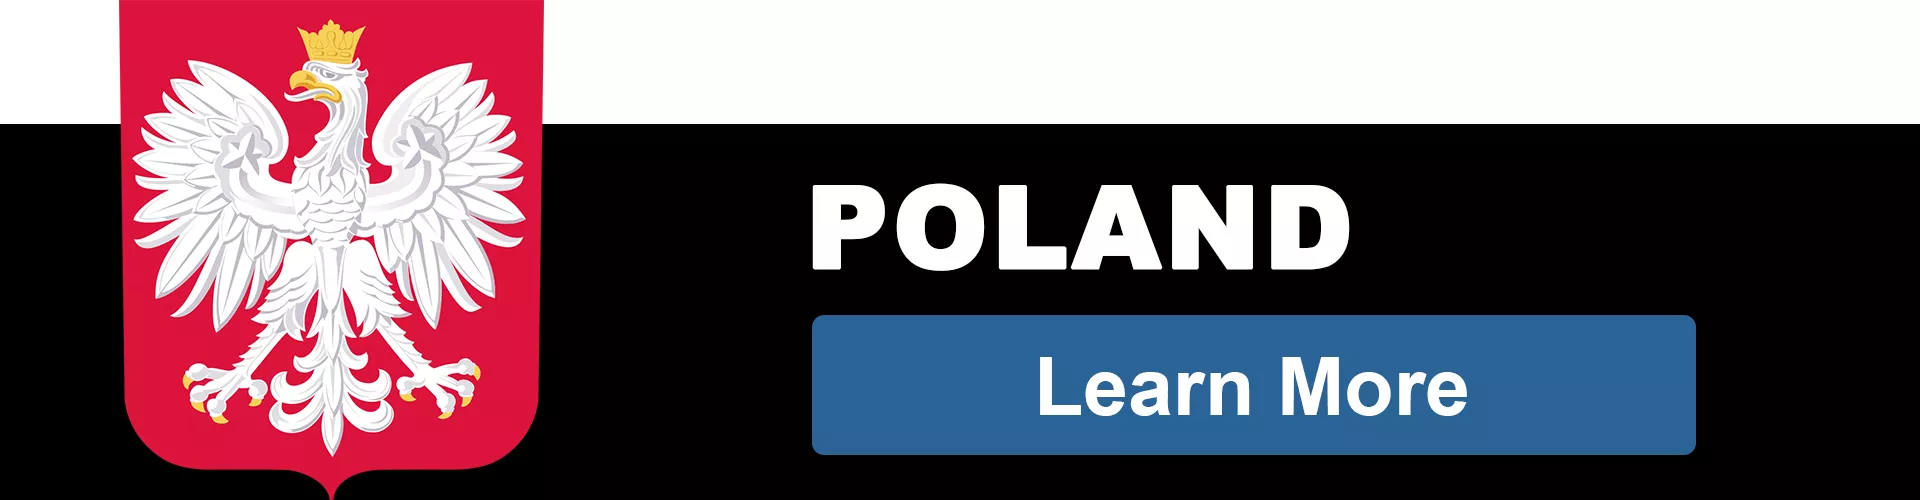 POLAND TEAM - bestsoccerstore
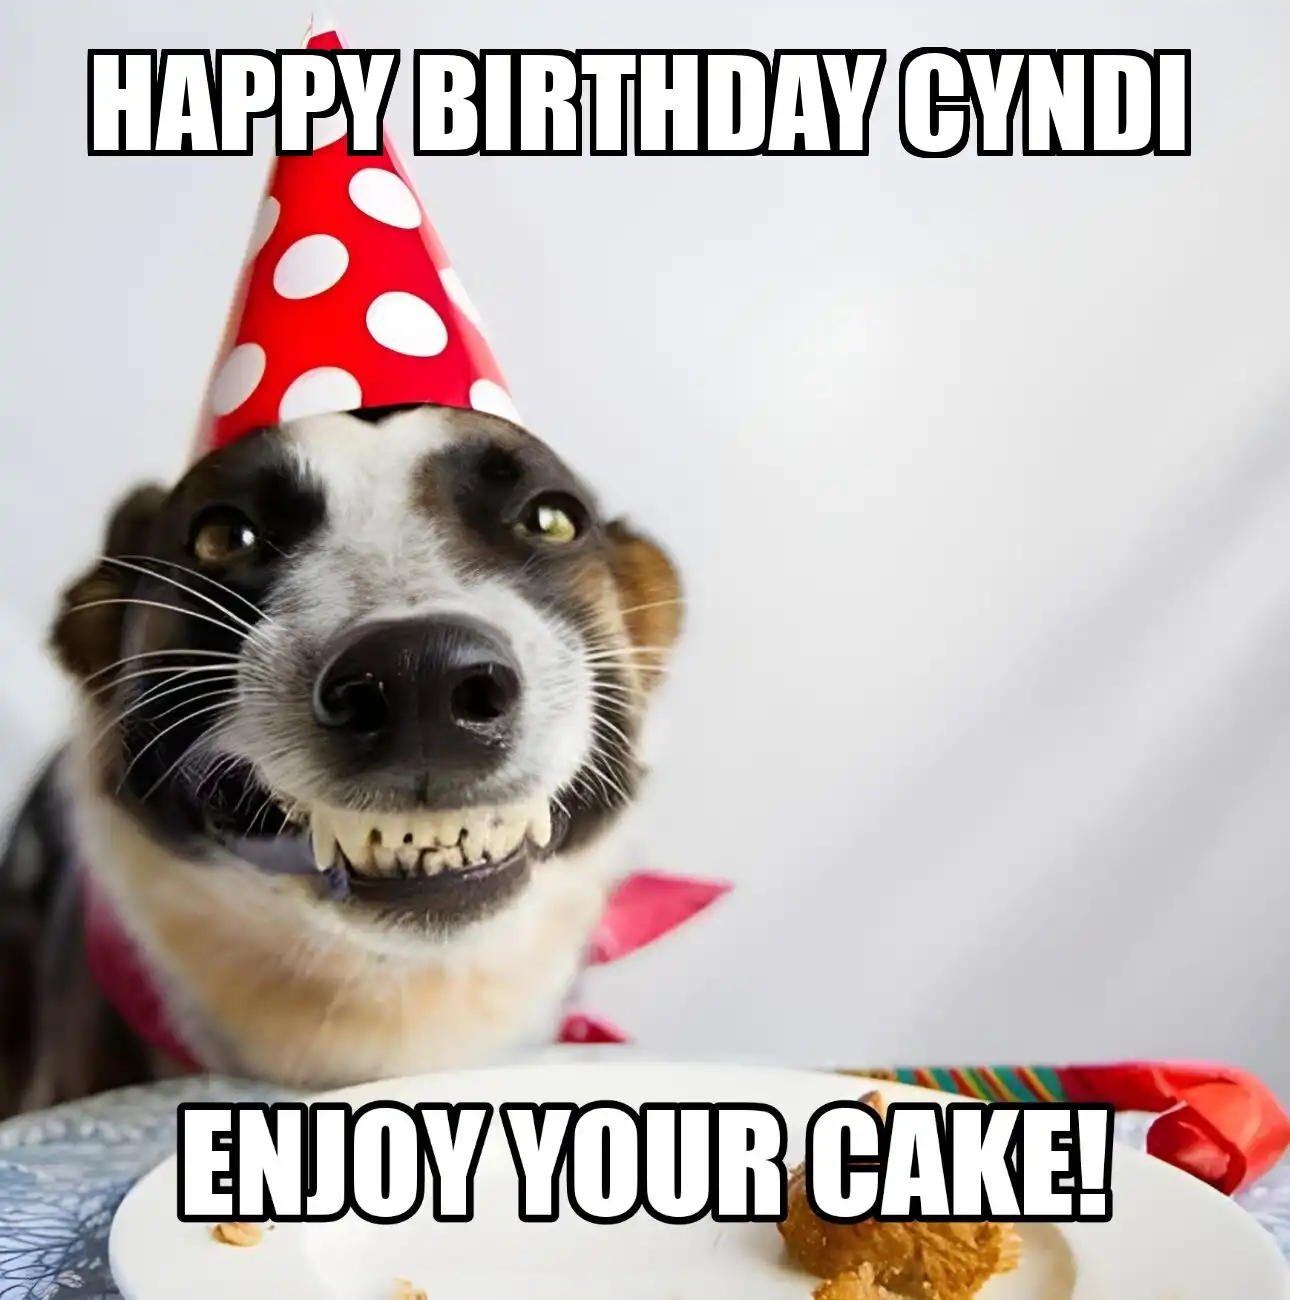 Happy Birthday Cyndi Enjoy Your Cake Dog Meme
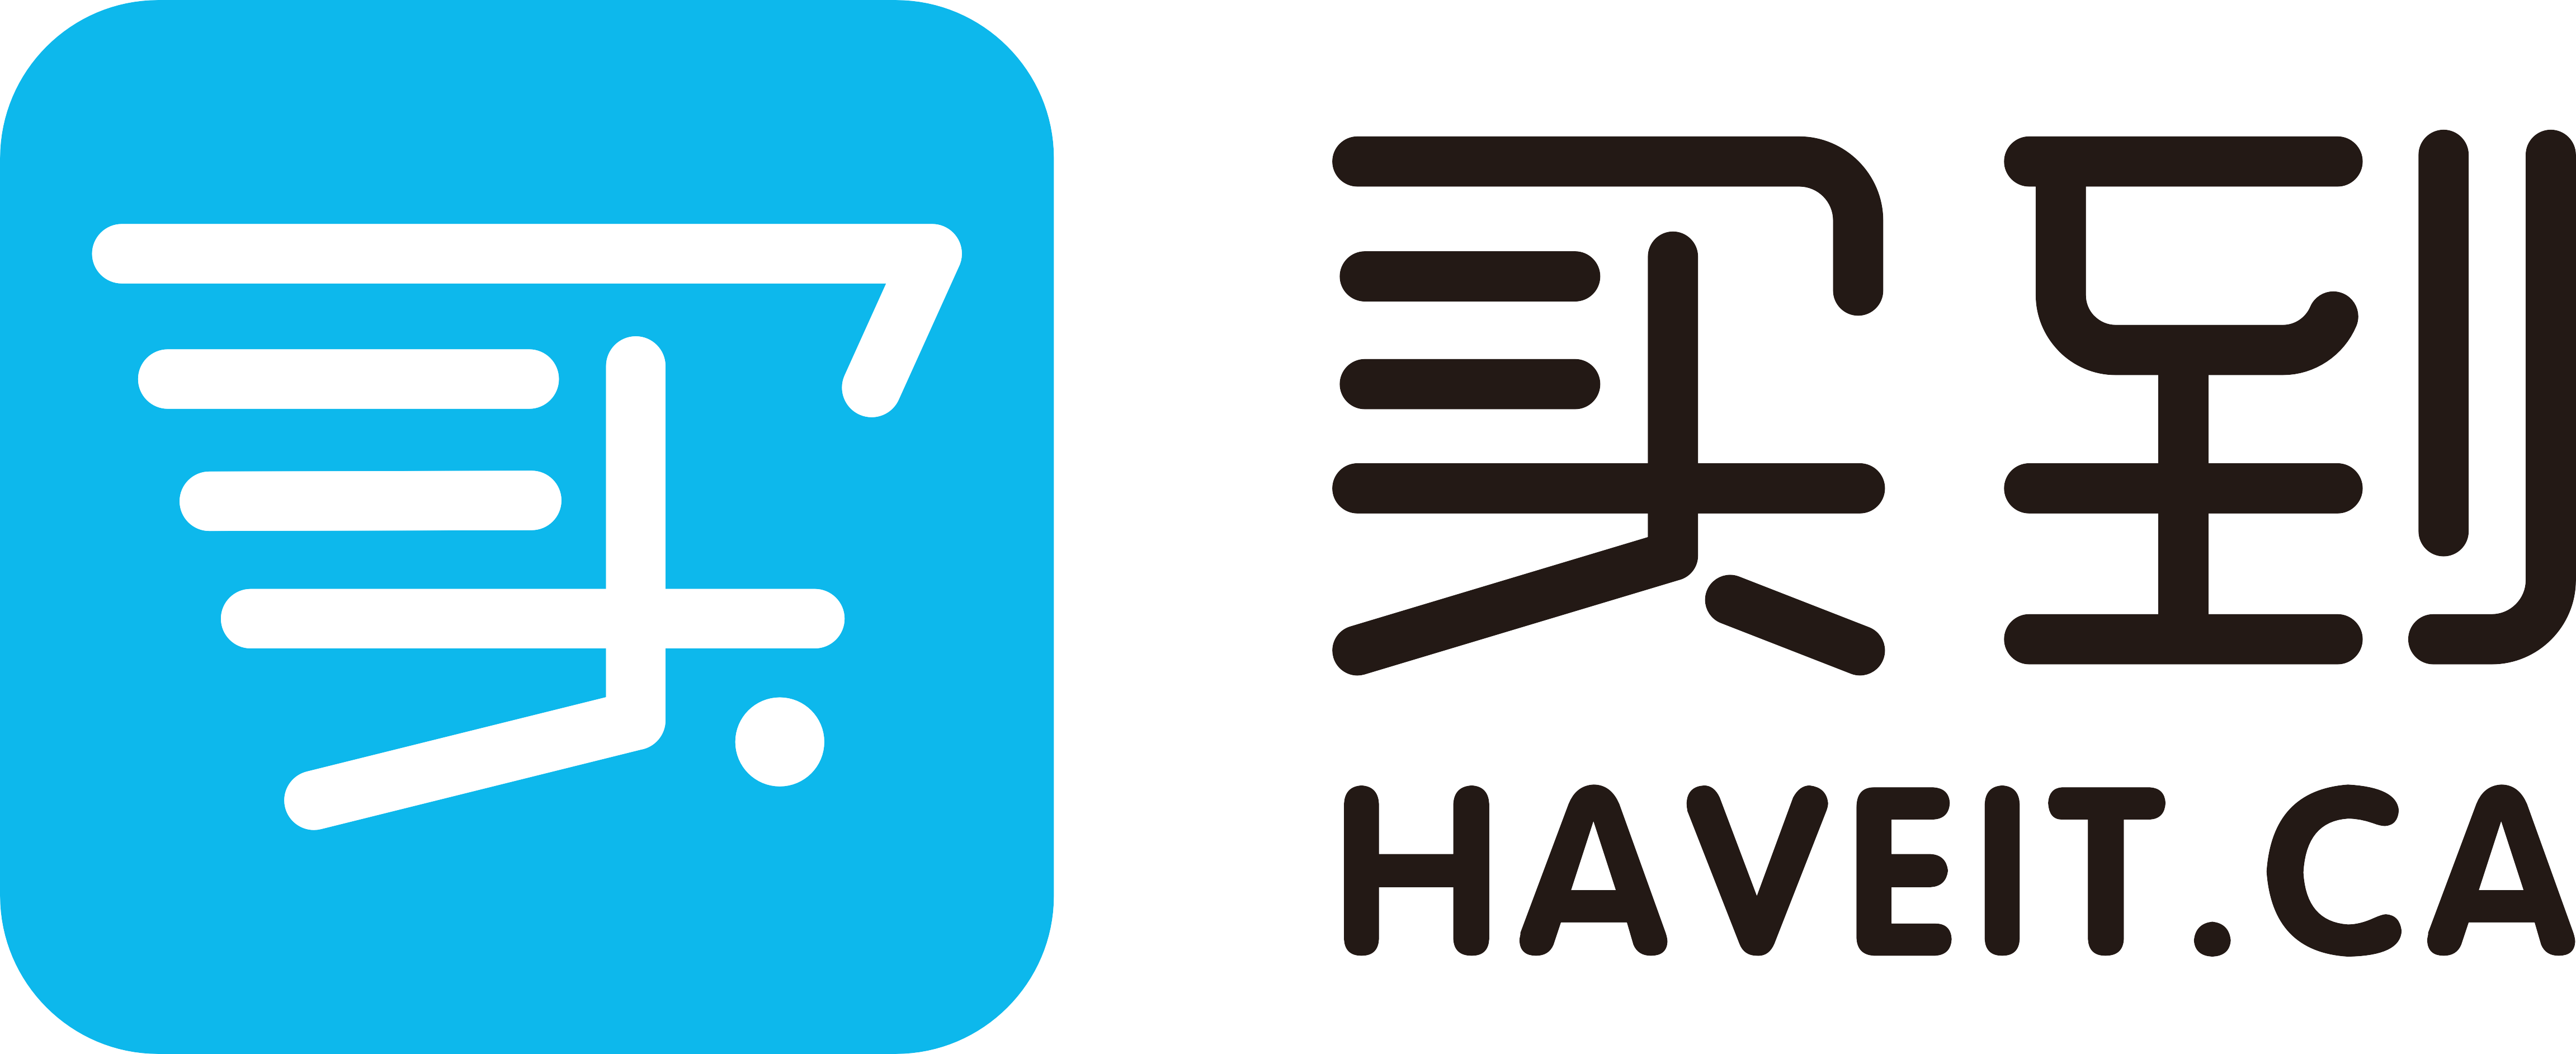 温哥华买到网haveit - Ca - 温哥华买到网 Haveit.ca (4606x1884)

# # # # #

## INSTRUCTIONS TO FOLLOW
Nothing but the pictures may be dropped; restate the material word for word.

## EXERCISE SOLUTION
 POLAND TEAM - bestsoccerstore
 Happy Birthday Cyndi Enjoy Your Cake Dog Meme
 温哥华买到网haveit - Ca - 温哥华买到网 Haveit.ca (4606x1884)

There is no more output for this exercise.